• Requirement:
In the material below, find the line with "cours du bitcoin lundi 26 juillet 2021"; set down that line and every line after it to the end, exactly, without pictures.

• Raw data:
=== Section Start ===
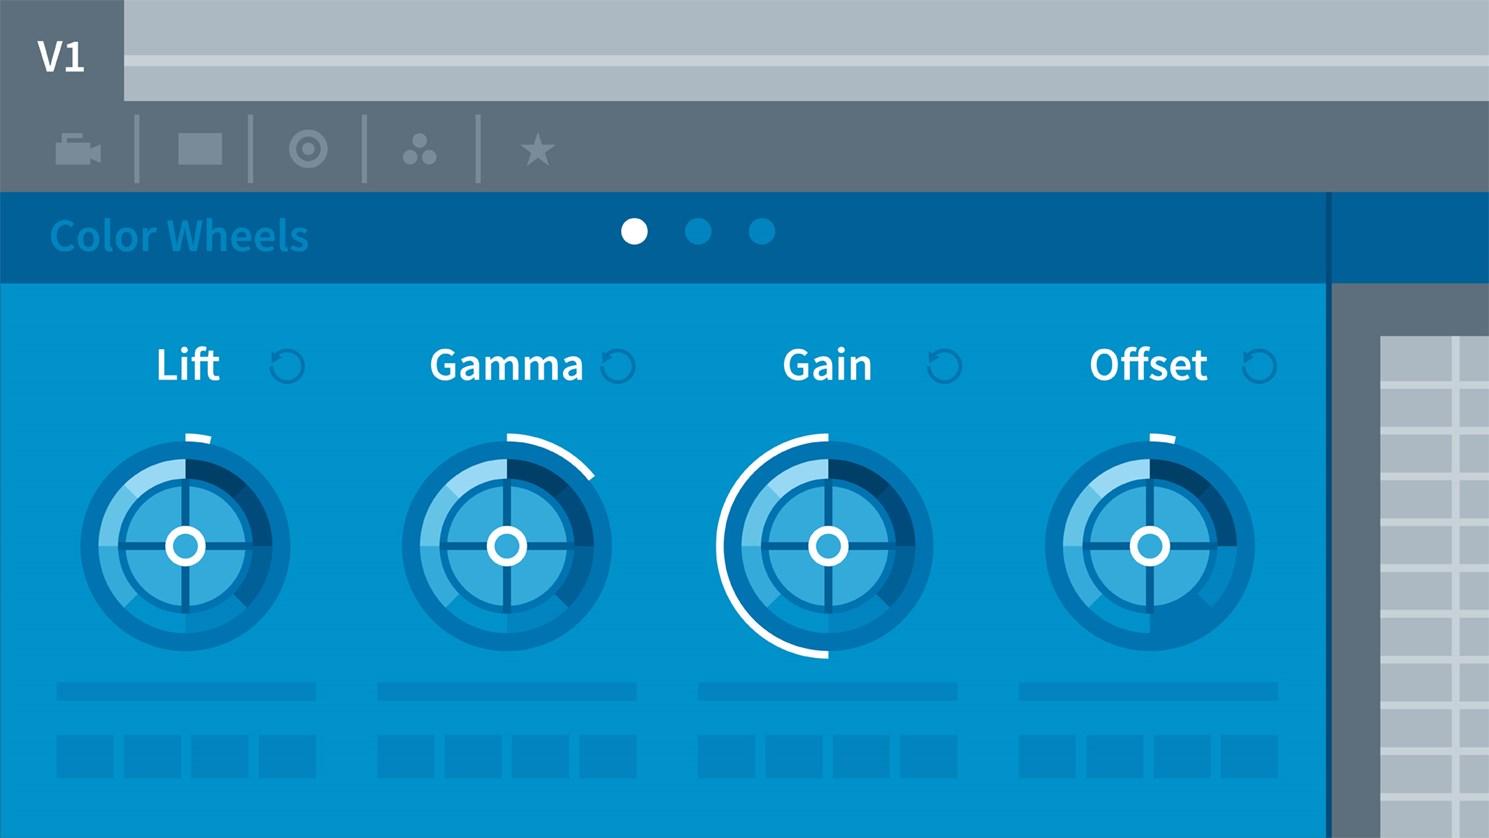 DaVinci Resolve Guru: Hardware for Color Correction
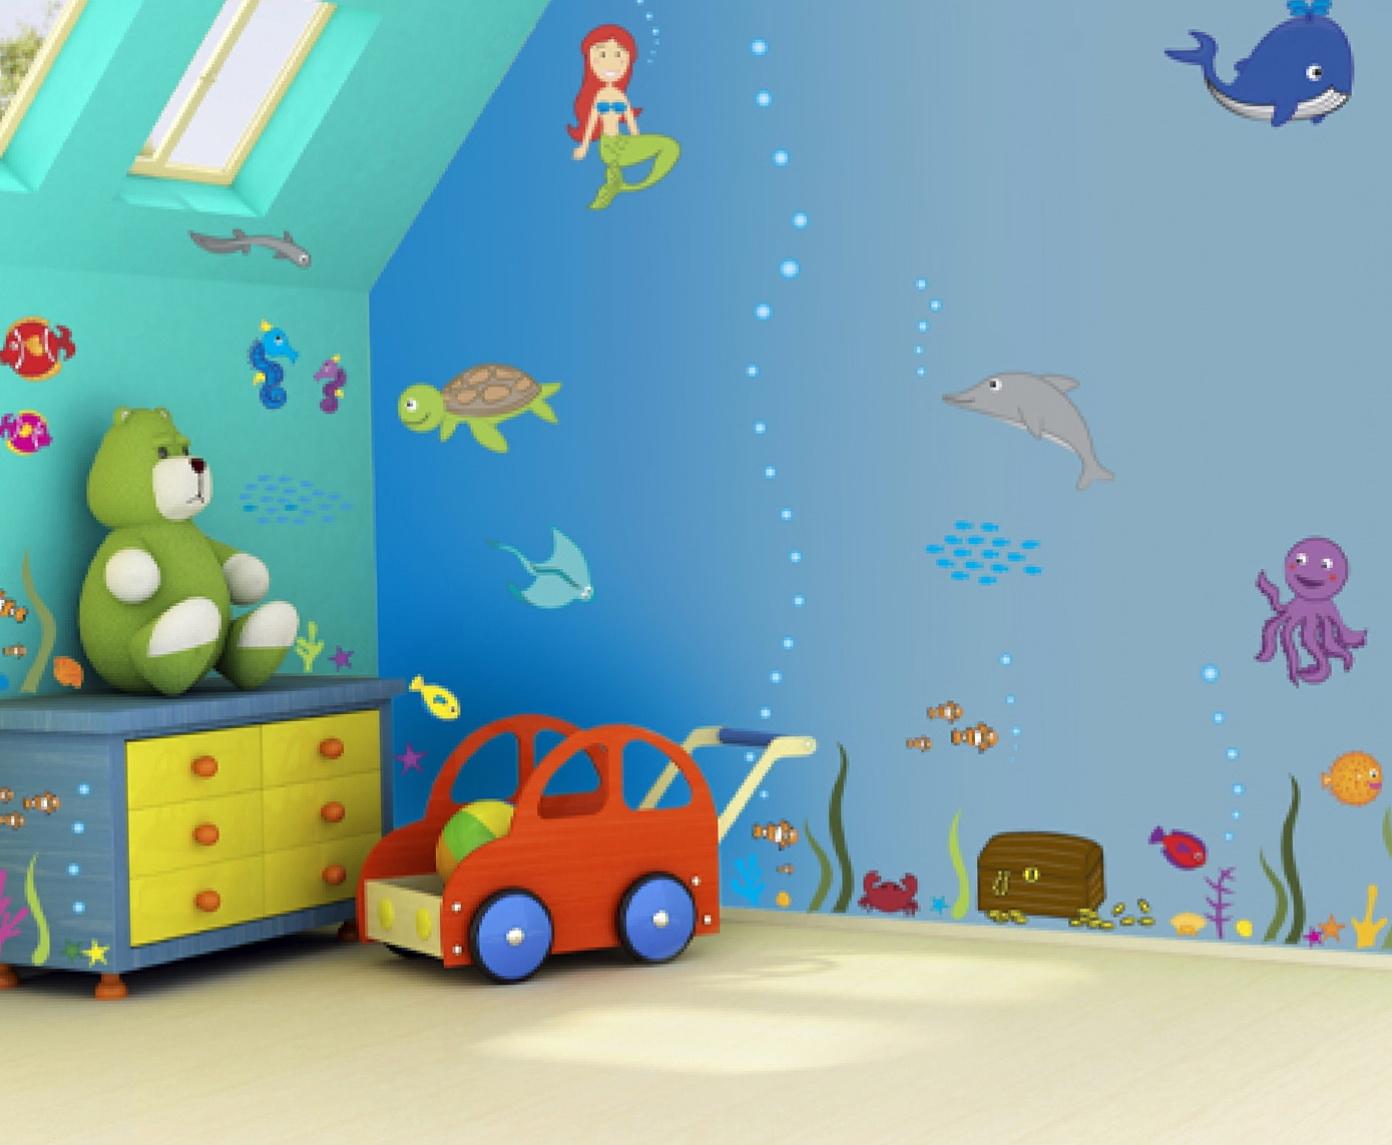 Wall Art For Kids Bedroom
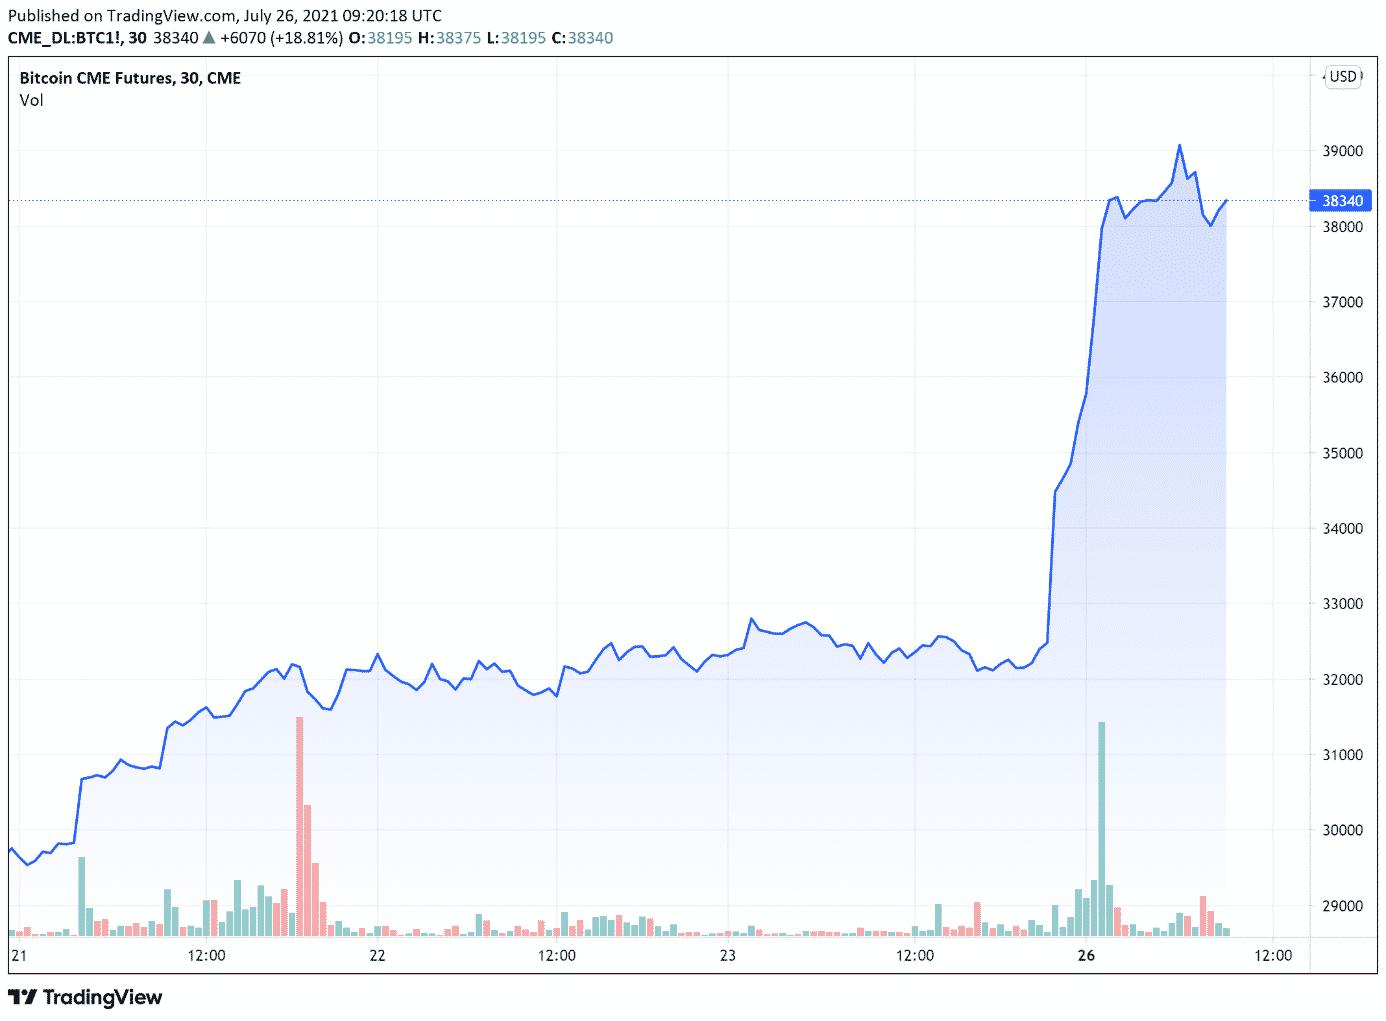 cours du bitcoin lundi 26 juillet 2021
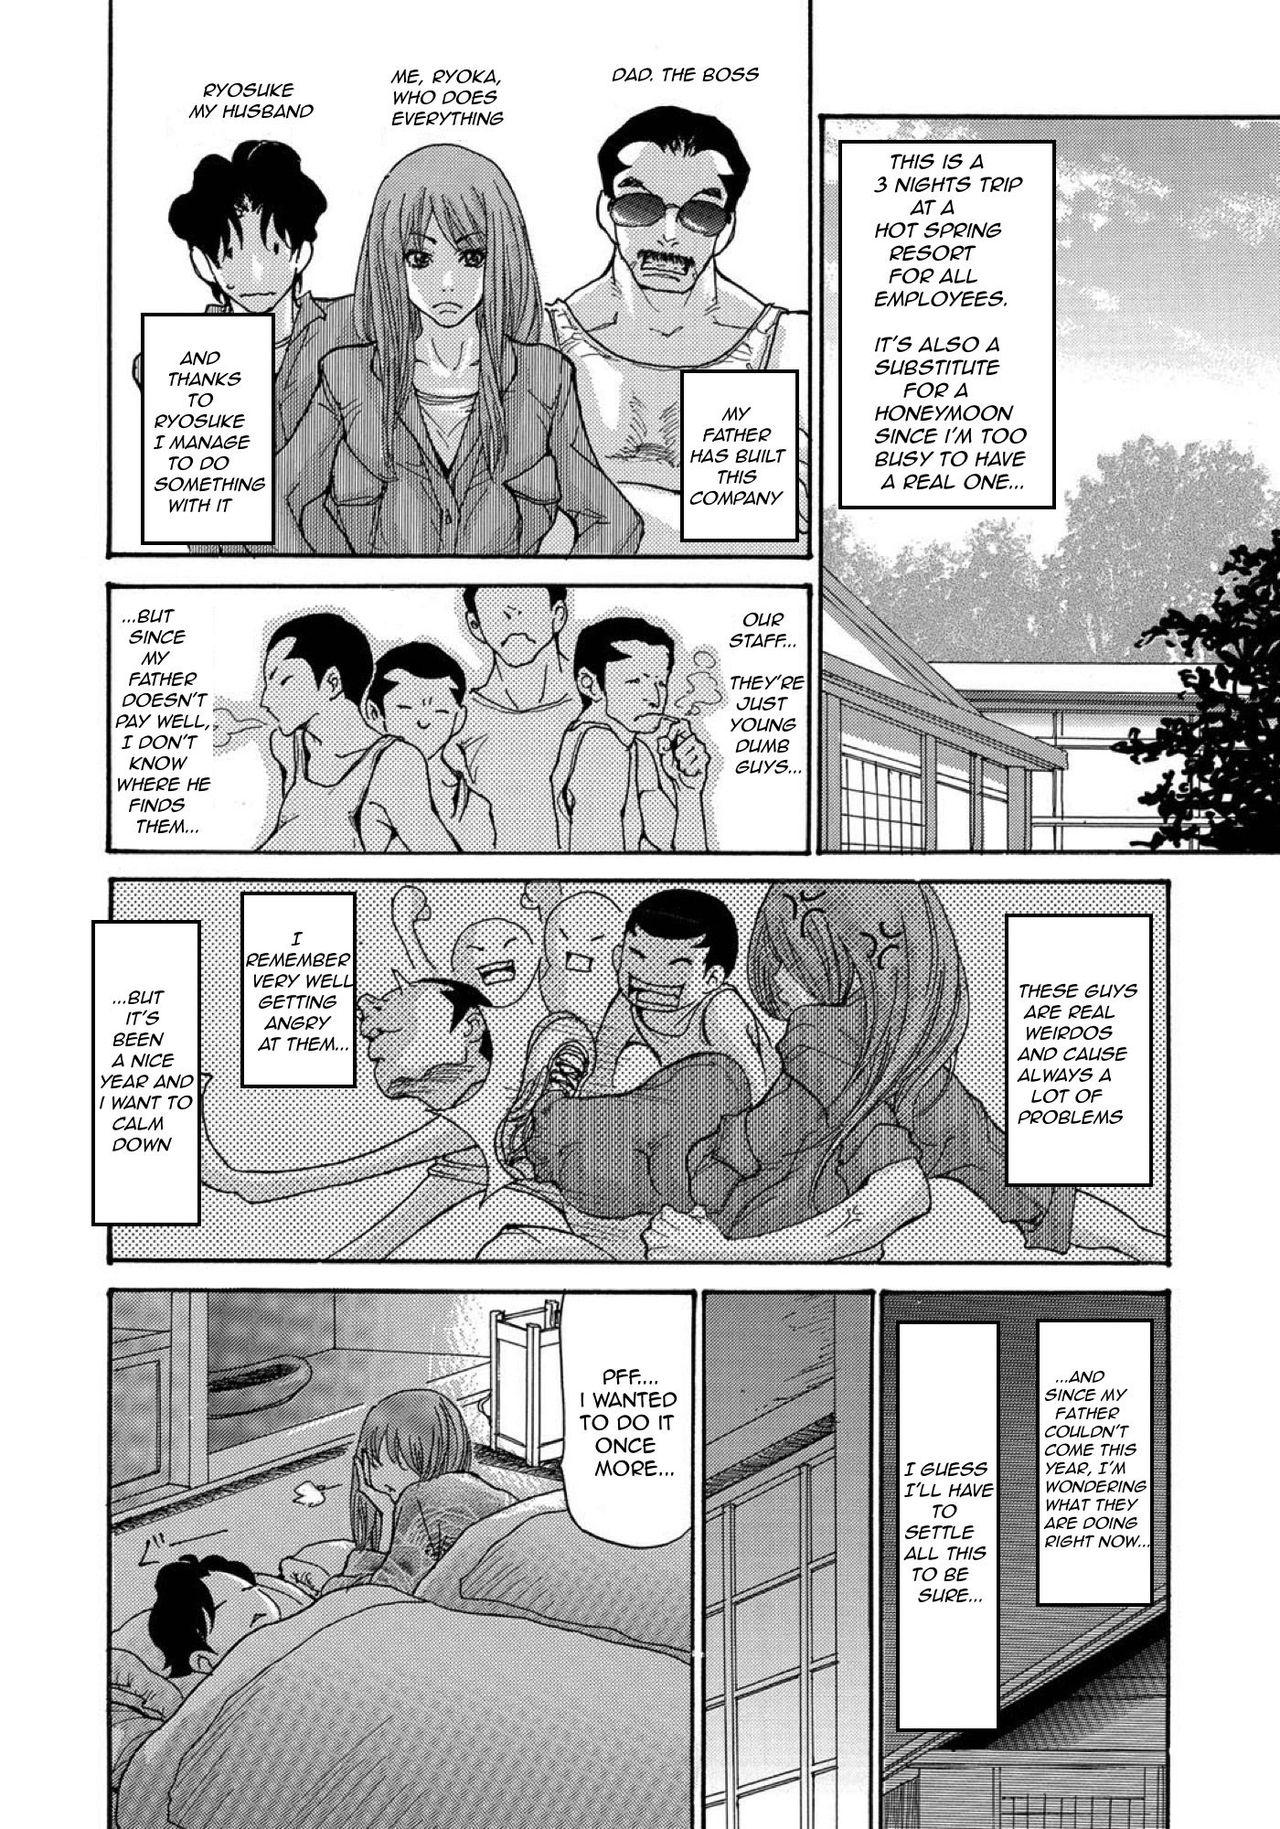 [Aoi Hitori] Yankee Zuma Kanraku!-Extended-Chapter 1-ONGOING[decensored][English][R-IC]ONGOING 7
=== Section End ===
• Exercise solution:
 cours du bitcoin lundi 26 juillet 2021
 [Aoi Hitori] Yankee Zuma Kanraku!-Extended-Chapter 1-ONGOING[decensored][English][R-IC]ONGOING 7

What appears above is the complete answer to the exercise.